About the job
About Our Team
Join the Foundations Research team, where we tackle ambitious and innovative projects that could redefine the future of AI. Our mission is to enhance the science behind our training and scaling initiatives, focusing on pioneering frontier models. We are dedicated to advancing data utilization, scaling methodologies, optimization strategies, model architectures, and efficiency enhancements to accelerate our scientific breakthroughs.
About the Position
We are on the lookout for a dynamic technical research lead to spearhead our embeddings-focused retrieval initiatives. You will oversee a talented team of research scientists and engineers committed to developing foundational technologies that enable models to access and utilize the right information precisely when needed. This includes crafting innovative embedding training objectives, architecting scalable vector storage, and implementing adaptive indexing techniques.
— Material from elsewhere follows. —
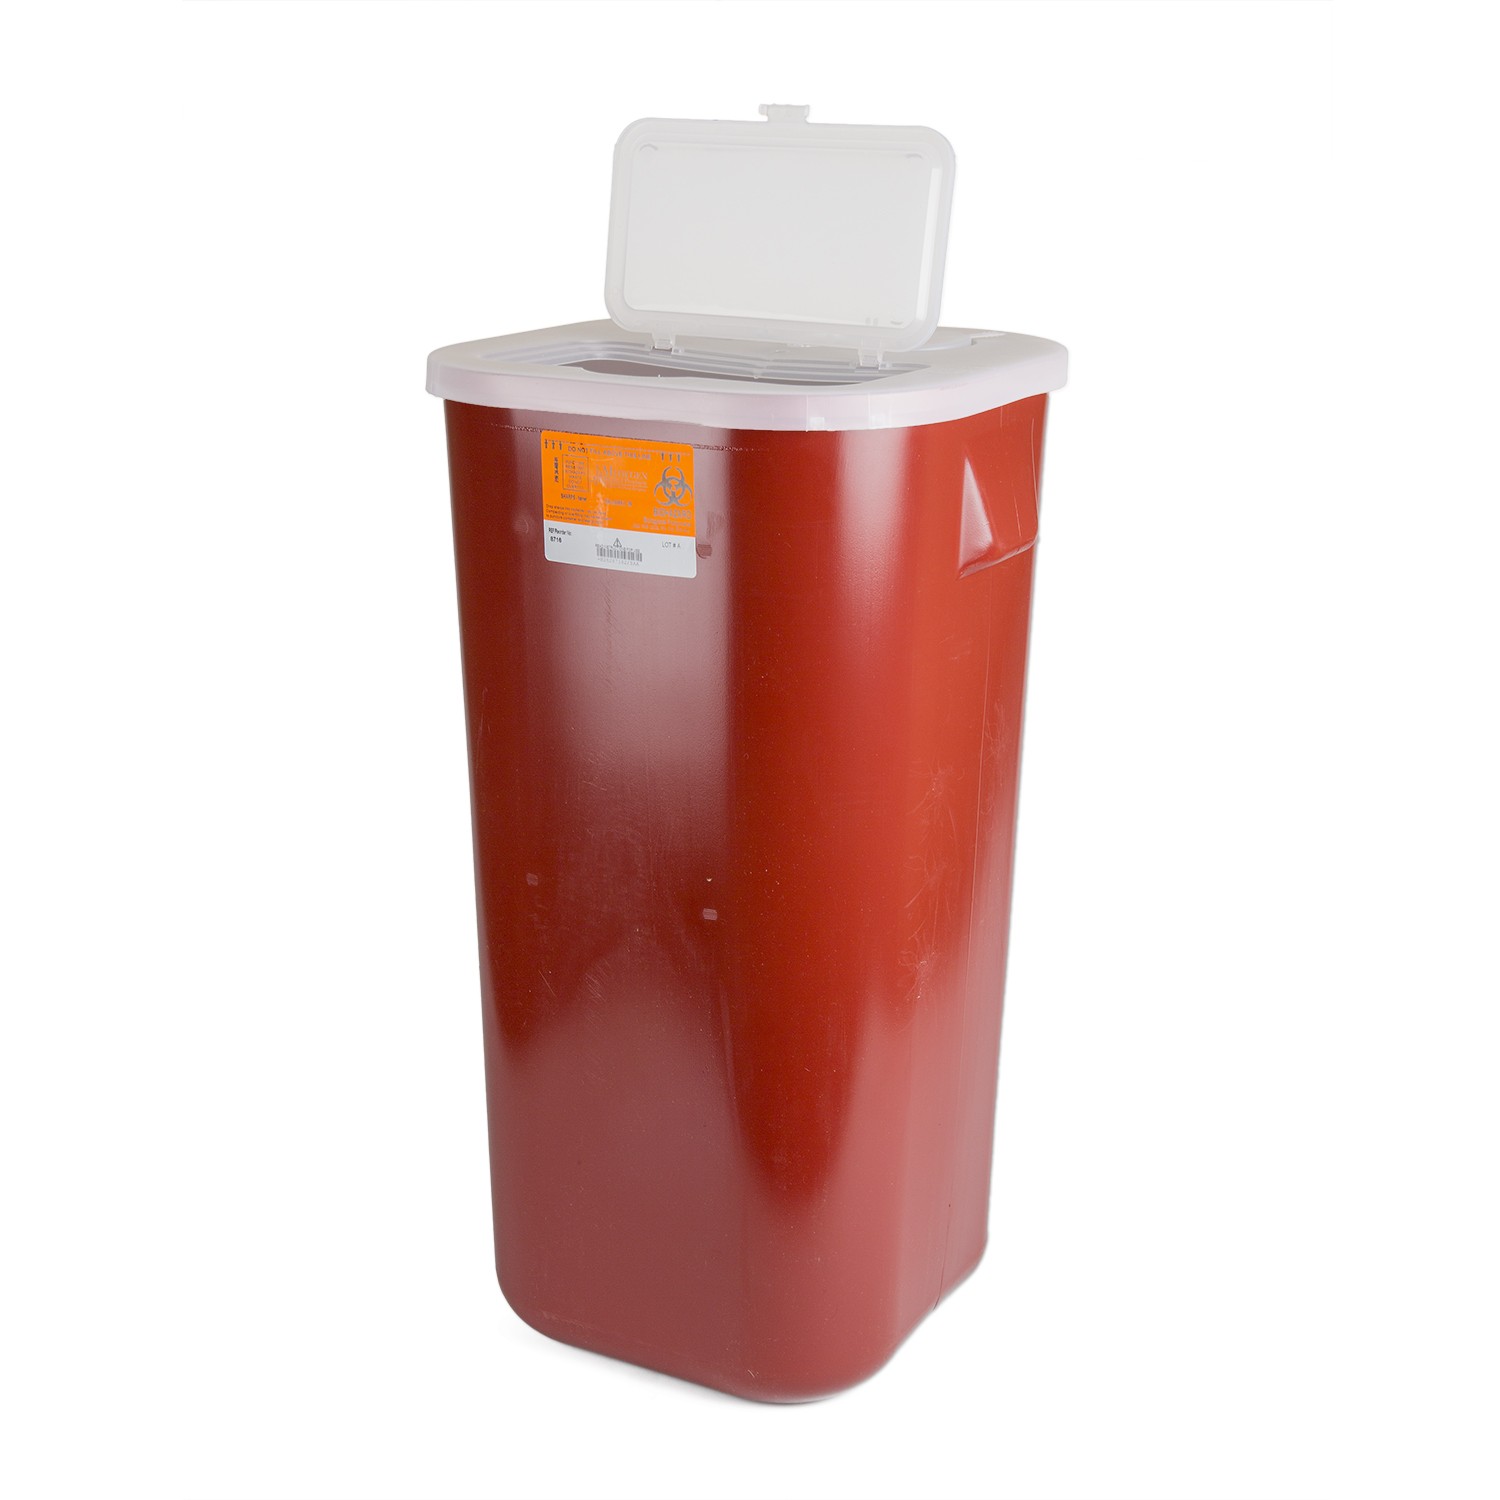 16 Gal Sharps Containers Products, Supplies and Equipment

This pivotal role will contribute to various OpenAI products and internal research initiatives, offering opportunities for scientific publication and significant technical influence.
This position is located in San Francisco, CA, where we embrace a hybrid work model, requiring three days in the office weekly, and we provide relocation assistance for new hires.
Your Responsibilities
Lead cutting-edge research on embedding models and retrieval systems optimized for grounding, relevance, and adaptive reasoning.
Supervise a team of researchers and engineers in building an end-to-end infrastructure for training, evaluating, and integrating embeddings into advanced models.
Drive advancements in dense, sparse, and hybrid representation techniques, metric learning, and retrieval systems.
Work collaboratively with Pretraining, Inference, and other Research teams to seamlessly integrate retrieval throughout the model lifecycle.
Contribute to OpenAI's ambitious vision of developing AI systems with robust memory and knowledge access capabilities rooted in learned representations.
You Will Excel in This Role If You Possess
A proven track record of leading high-performance teams of researchers or engineers within ML infrastructure or foundational research.
In-depth technical knowledge in representation learning, embedding models, or vector retrieval systems.
Familiarity with transformer-based large language models and their interaction with embedding spaces and objectives.
Research experience in areas such as contrastive learning and retrieval-augmented generation.